Friday, October 28, 2011

Frugalicious Friday No.10!! The 3 Gift Rule


In our family we want to make sure that when it comes to Christmas, we keep Jesus the reason for the season so we 3 Gift It. I got this idea from a great family we know and love but I know where they got the idea from initially:
There's this book, you might have heard of it, it's has tissue paper pages, can be made in Giant Print (if you are like me and have the vision of a winged nocturnal animal), and can be found in every hotel drawer across the world: The Bible. We do this 3 gift rule for our daughter and for each other because Jesus started it. He only got 3 gifts.
Here's how we do it:
The 3 gifts are chosen by the recipient ahead of time- have them make a list and stick to it- or you could have the kid pick 2 that will be from mom and dad or whomever and then one surprise one from Santa. Mom and Dad you need to get 3 also, or one or none or whatever, but make sure you are modeling what you are teaching. Just sayin'.
And DON'T GO CRAZY ON STOCKING STUFFERS! Or else the kid will realize the loophole- STOCKING STUFFERS - and be all, "Oh yeah we get 3, but I'm so getting an I-Touch for my stocking stuffer!" Put some fruit (nature's candy) in that bad boy and real candy and socks (come on you know you like getting socks!).

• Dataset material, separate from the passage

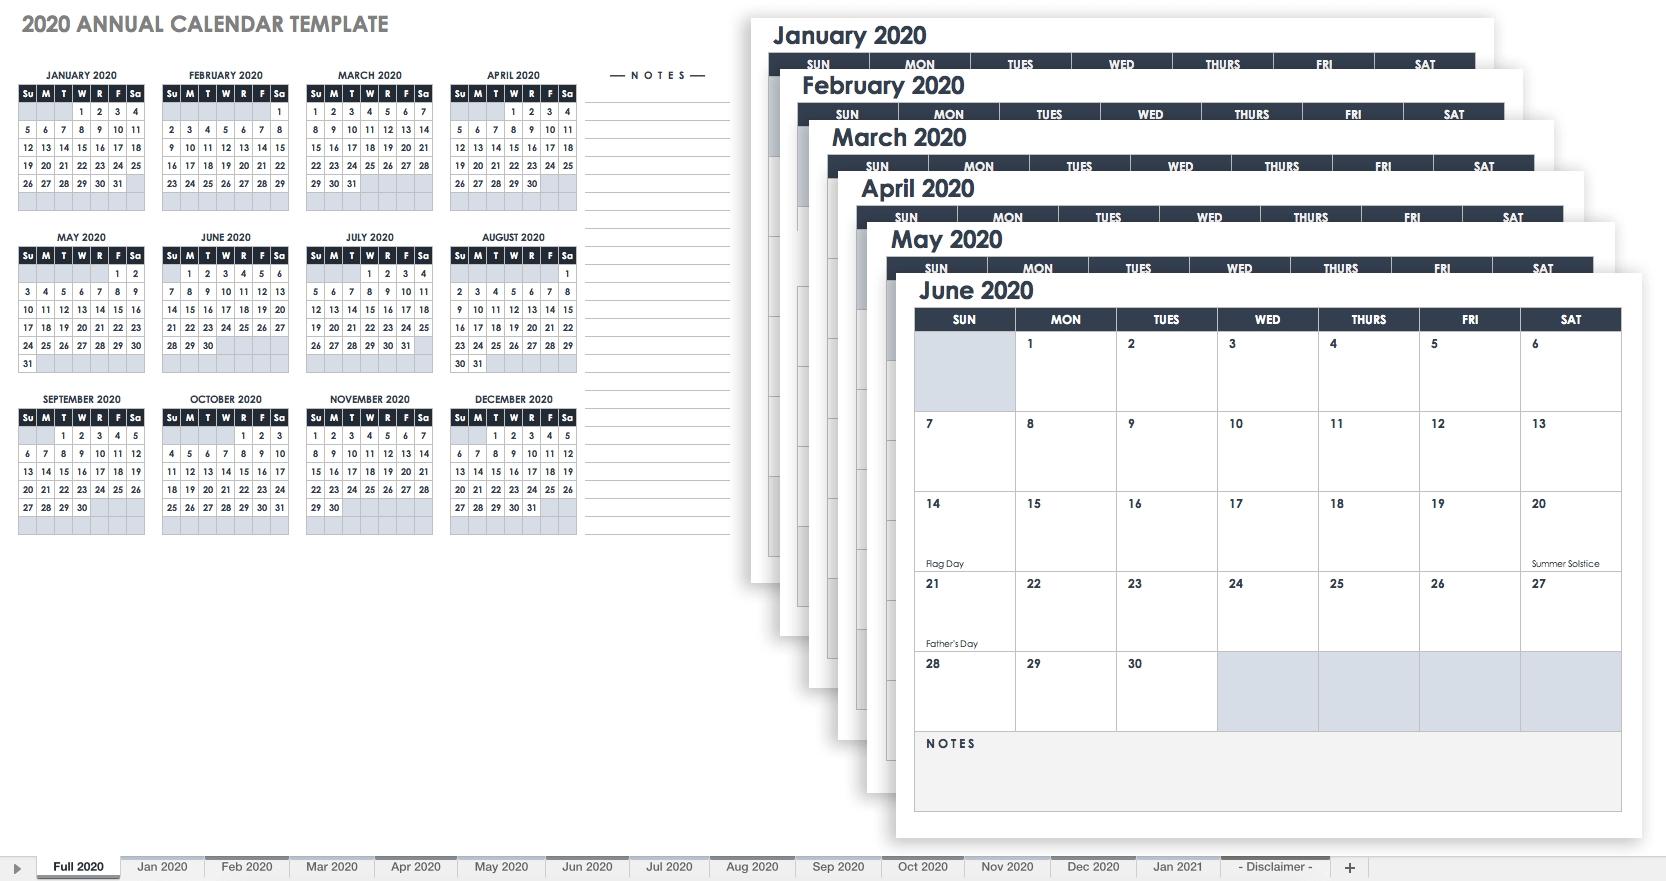 Free Blank Calendar Templates - Smartsheet in 7 Day Calendar Template Fillable

And I was listening to 89.3 KSBJ today and heard a great idea. If you by any chance know of a family who is having a tough time this Christmas, get your kids in on a little shopping spree for them and leave the gifts at their door, ring the bell and run. Anonymous gifting- what a great tradition, right?

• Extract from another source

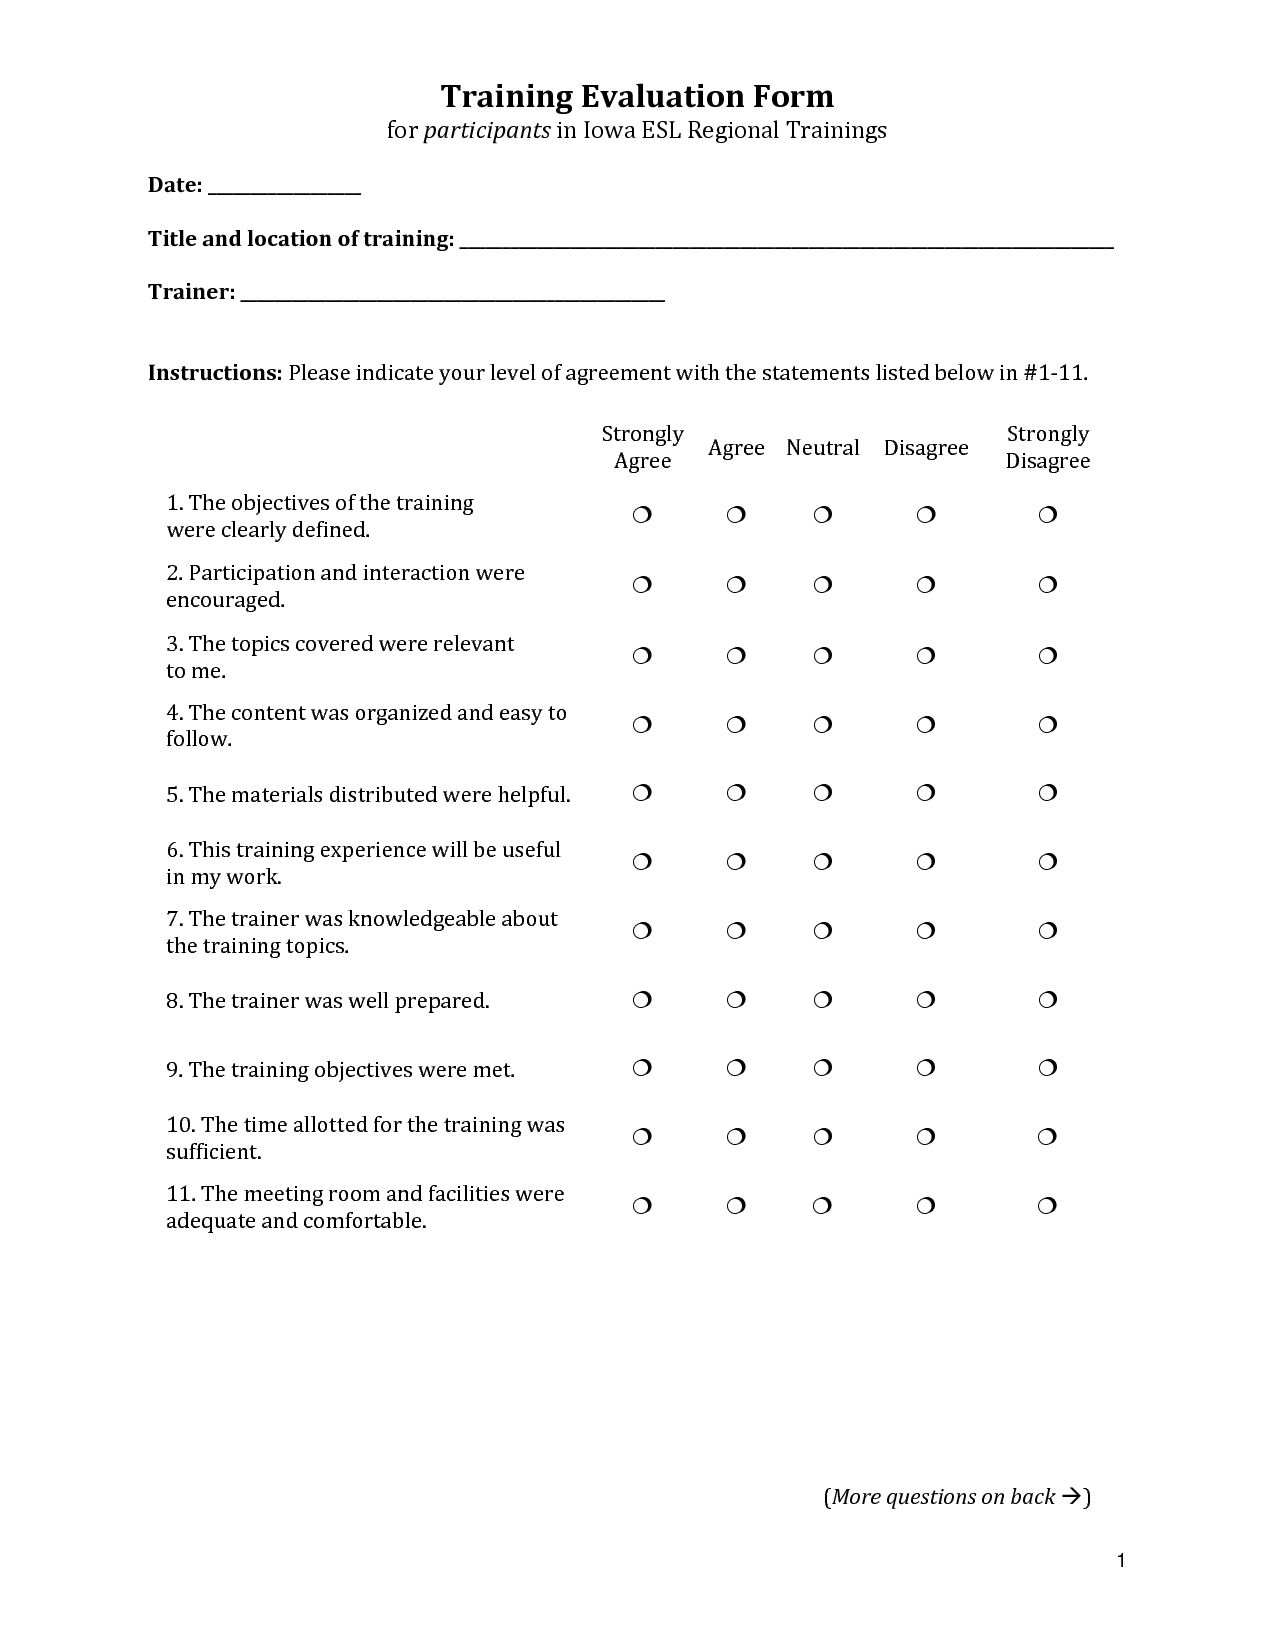 Training Evaluation Form Training Evaluation Form

I just loved how well the 3 Gift Rule worked out last year. So much less stress and less guesswork and so great to keep it what it's supposed to be about- Him, the true gift!

Wednesday, October 26, 2011

Pardon Me While I Gush...


Today is my hurrrrzband's birthday.
You might remember him from such wonderful anecdotes of:
"John Wheeling Gillian Around Mayo Clinic in a Blizzard"
"John, The Encourager For Gillian When She was Sad About ___________"
or how about from this timeless classic?
"John Helps Gillian Eat Ramen With Both Eyes Shut After Eye Surgery!"
So many wonderful memories have been made with this person I call Johnicles of Narnia. There are not too many men out there that could have made it through this bumpy of a rollercoaster ride. Really, that's not just me saying that! Won't tell you who else verified that truth- hint it rhymes with "sherapist".

I am so very proud to know him, let alone hang out with him on a regular basis.
He is funny.
He is smart.
He is cool.
He is unintentionally and intentionally kind.
He is a softie.
He is a representative of Jesus.
Thank you Lord for this totally wonderful being!
And thanks John for putting up with my absurdities and for always saying yes to an unplanned trip to Walgreens.

Friday, October 21, 2011

Frugalicious Friday No. 9! DIY

frugalicious frame

Time to get FROOGY!

Today the tip is, minus the politics this time, DO IT YOURSELF!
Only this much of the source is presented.